Motoring taxes must be overhauled to deal with the opportunities and challenges posed by electric vehicle (EV) adoption.
That’s the verdict from the British Vehicle Rental and Leasing Association (BVRLA), which has published a new report suggesting as transport becomes increasingly connected, electric and even autonomous, the relevant tax systems must be modernised to prepare for a zero-emission future.
It argues not only is this necessary to drive behaviour change limiting congestion and air pollution, it is needed to fund the UK road network as carbon dioxide-based income declines by up to £2 billion per year.
The report suggests a fairer system could be based on distance travelled, time of journey or location, rather than on carbon dioxide emissions.
It emphasises taxes must give motorists a clear and consistent message that investing in plug-in EVs will bring economic benefits and stresses that the tax must be adaptable as these technologies are likely to continue to evolve.

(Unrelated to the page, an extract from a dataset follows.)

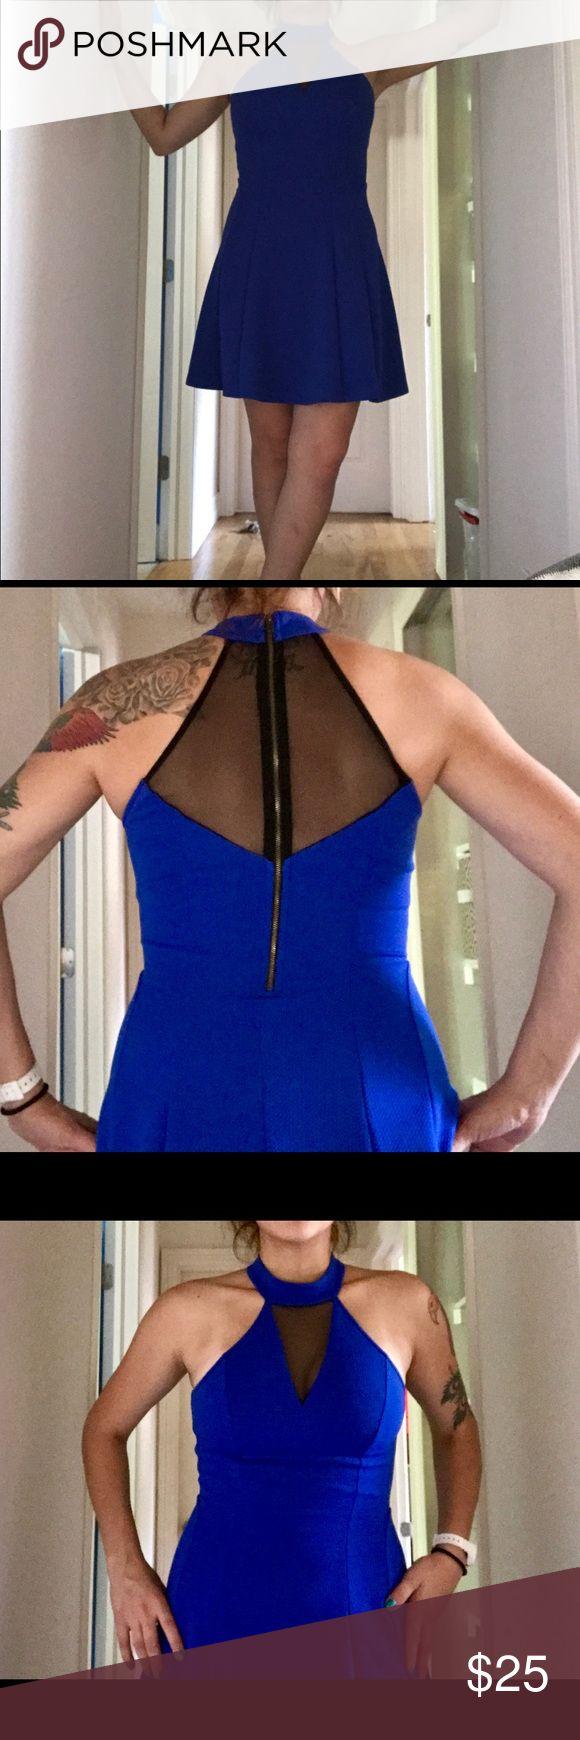 Pantyhose for a royal blue dress

Paul Johnson, Director of the Institute for Fiscal Studies, said of the tax: “Leave it too late and there is the real risk that we manage the transition inefficiently, lose huge amounts of revenue over the long run and see ever growing congestion on our roads.”
Energy UK’s Director of Policy, Audrey Gallacher noted: “Energy UK is clear that we must avoid blunt recovery methods such as transferring existing vehicle taxes onto electricity bills – a highly regressive approach that would negatively impact vulnerable customers – and instead examine in detail the potential for more sophisticated and smarter options as highlighted in the report.”